For some reason, they were obsessed with this talking intro to REO's at-that-time biggest hit, "Ridin' the Storm Out." Over and over, they would lift the needle, and back the record up to Kevin Cronin saying "You gotta keep everybody together, keep everybody warm, and keep RIDIN' THE STORM OUT." which was followed by this air-raid siren sound leading into the song and then — needle lifts, maniacal laughter from by new stepbrothers and friends — and then — Kevin Cronin saying "keep everybody together, keep everybody warm, and keep RIDIN' THE STORM OUT." which was followed by this air-raid siren sound leading into the song and then — needle lifts, maniacal laughter from by new stepbrothers and friends — and then — etc. etc. etc.

In fact, it's a lot like this.

I was some combination of puzzled and deeply irritated. I didn't know how to be furious yet. I did hate that this was happening and couldn't figure out how MY Styx odyssey had turned into this cacophony of lesser rock. In the basement of MY Aunt and Uncle, even.

All these years later, it's more of a fond memory — albeit a slightly masochistic one — to keep. I don't really hold it against my stepbrothers (much), and I'm left with this snippet of classic rock, this Kevin Cronin intro.

Oddly, it's never left me. And lately, I've actually been trying to track it down. I want to see how close my recollection of the words is. They're pretty close based on this search and this search — but I can't seem to find the infamous album. It's not "You Get What You Play For," although I would have BET MONEY that it was. At least it's not the digital version.

I do expect to know where it came from probably within an hour of posting this. Thanks, Internet! Thanks readers! Just remember: "…keep everybody together, keep everybody warm, and keep RIDIN' THE STORM OUT."

5 comments:

Anonymous said...

157 Riverside Avenue

Mick Jeffries said...

A little more context please. I know that is the track before "Ridin' The Storm Out," and perhaps you are suggesting that the monologue is contained within that track, but I don't find that to be true, at least on the CD version..

Anonymous said...

Well, this song harkens back to their very first (pre-Kevin Cronin) disc in 1971. This was before the power ballads and the multiplatinum, syrupy rock. The era of the nondescript midwestern cruisin stuff. None of the flash and bombast of the mondo pretend-Anglo Styx (although one understands how Styx put stars in many young, impressionable eyes).
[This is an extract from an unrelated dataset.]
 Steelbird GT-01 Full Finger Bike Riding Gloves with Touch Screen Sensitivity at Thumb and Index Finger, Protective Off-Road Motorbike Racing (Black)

So I guess the context or intent was to summon up a piece of serviceable rock from the hinterlands rather than to shed light on the latter day Kevin Cronin REO live.

Great post, btw.

Heard if from a friend who

heard it from a friend

who ...


Heard that you been foolin' with an unresolved Styx fixation.

Mick Jeffries said...

thanks for your comments! who is ya, btw?

nice observations; i like the term "nondescript midwestern cruisin." But are you referring to those early 70s days or the later arena rock times?
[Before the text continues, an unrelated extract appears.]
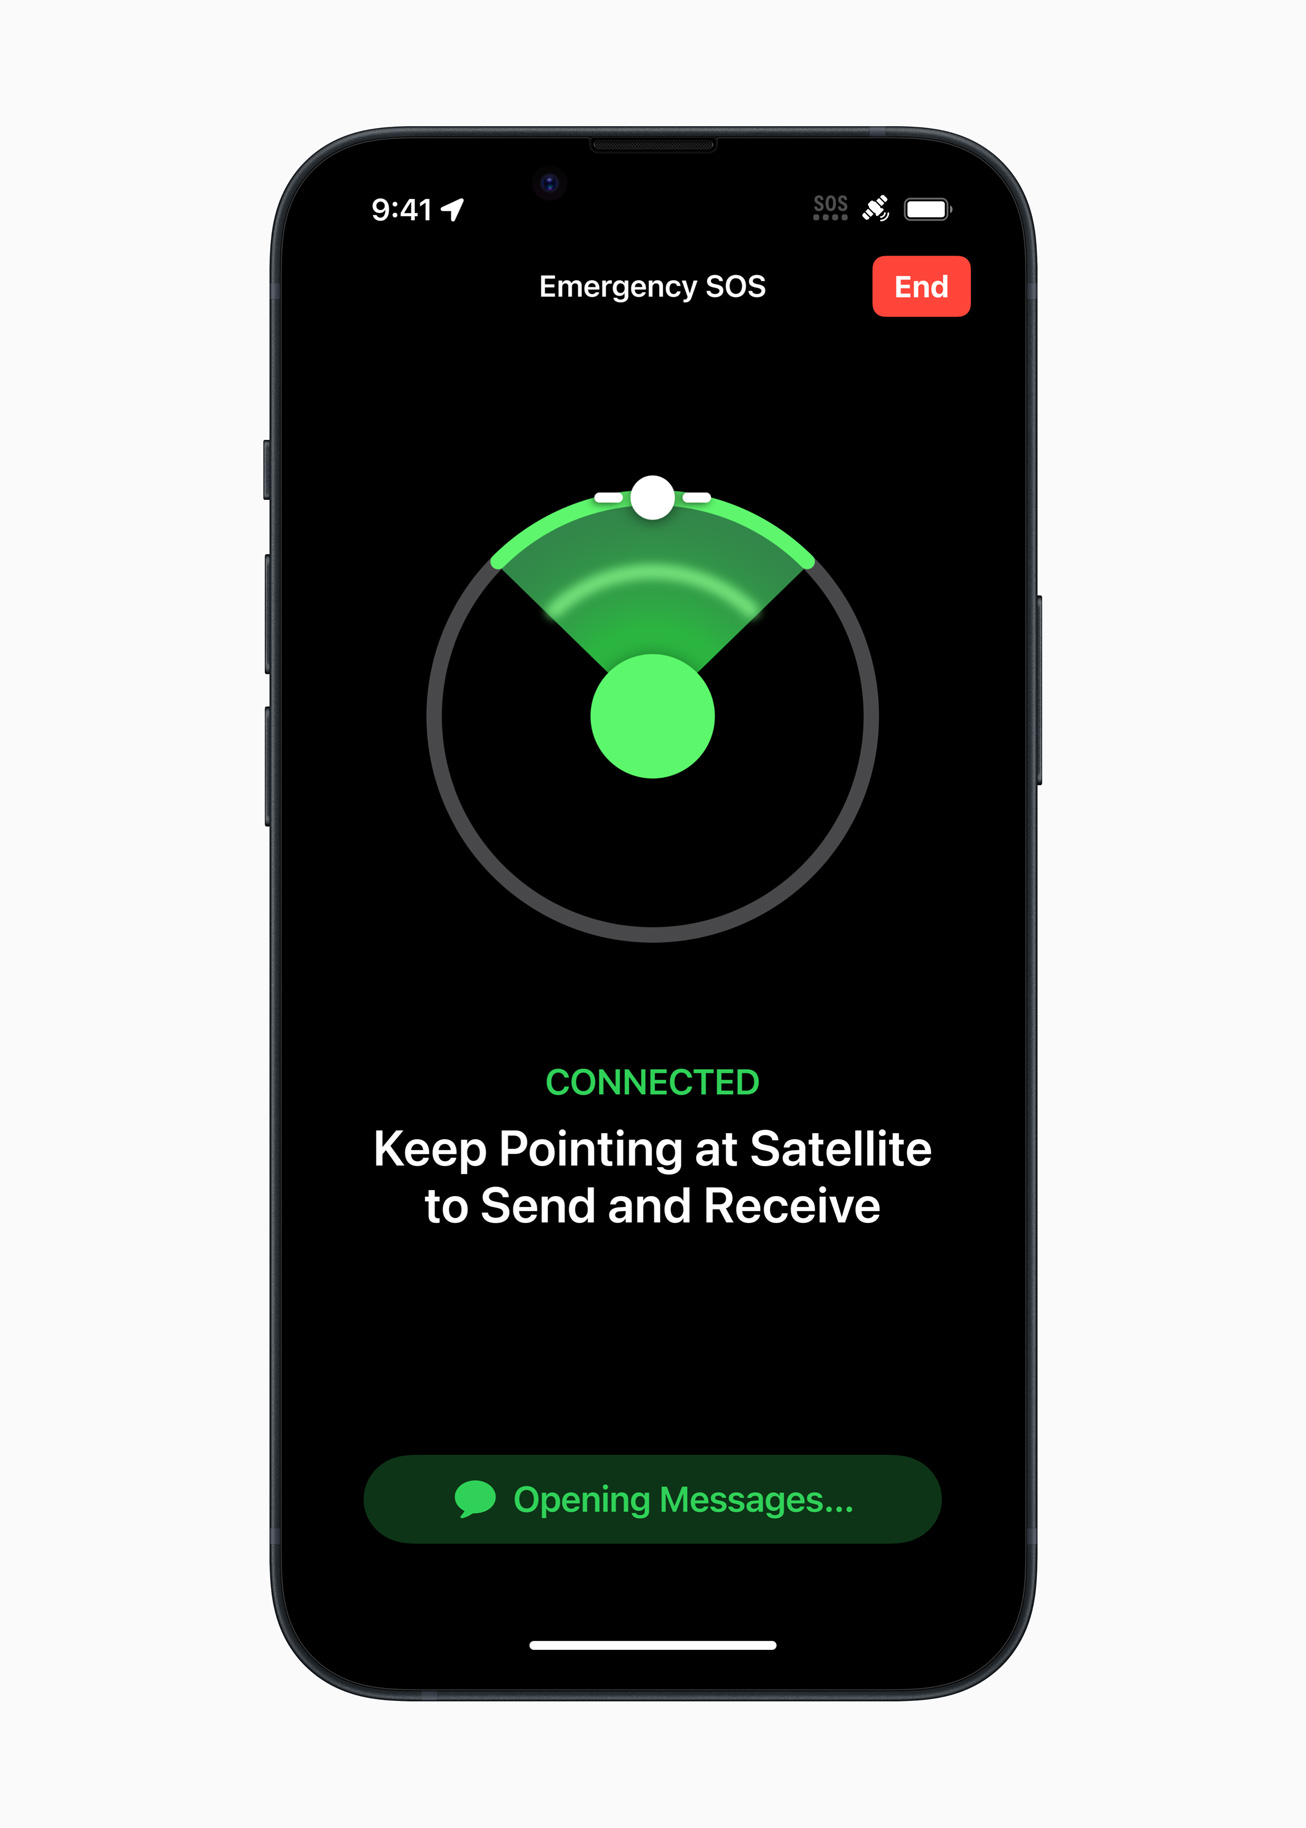 An image of an Apple iPhone displaying an emergency SOS phone call, with prompts for users to point the phone at a satellite

I think the earlier.. I like the live records from those years.. (not talking REO here).. when you kind of couldn't tell just "how famous" a band was.. a good example is the Pat Travers Band's "Live! Go for what you know!" which just blows doors. And you'd think they were rock gods.. but they never were in commercial terms, I guess..

PS: I have an unwavering devotion to glimmers of the Styx catalog, most specifically to "The Grand Illusion" and "Pieces of Eight," it's true. I felt that when Styx got it right, they were magical. Kind of literally, in that "pretend-Anglo" runes/stonehenge kind of way.

Jeff M. said...

Classic rock live-album banter. I think you're onto something. I can think of dozens of great ones. There needs to be an online compendium w/analysis. Of course it probalby already exists.

This one gets me every time: "We're going to take a 15 minute break and come back with electric music and boogie." Sigh.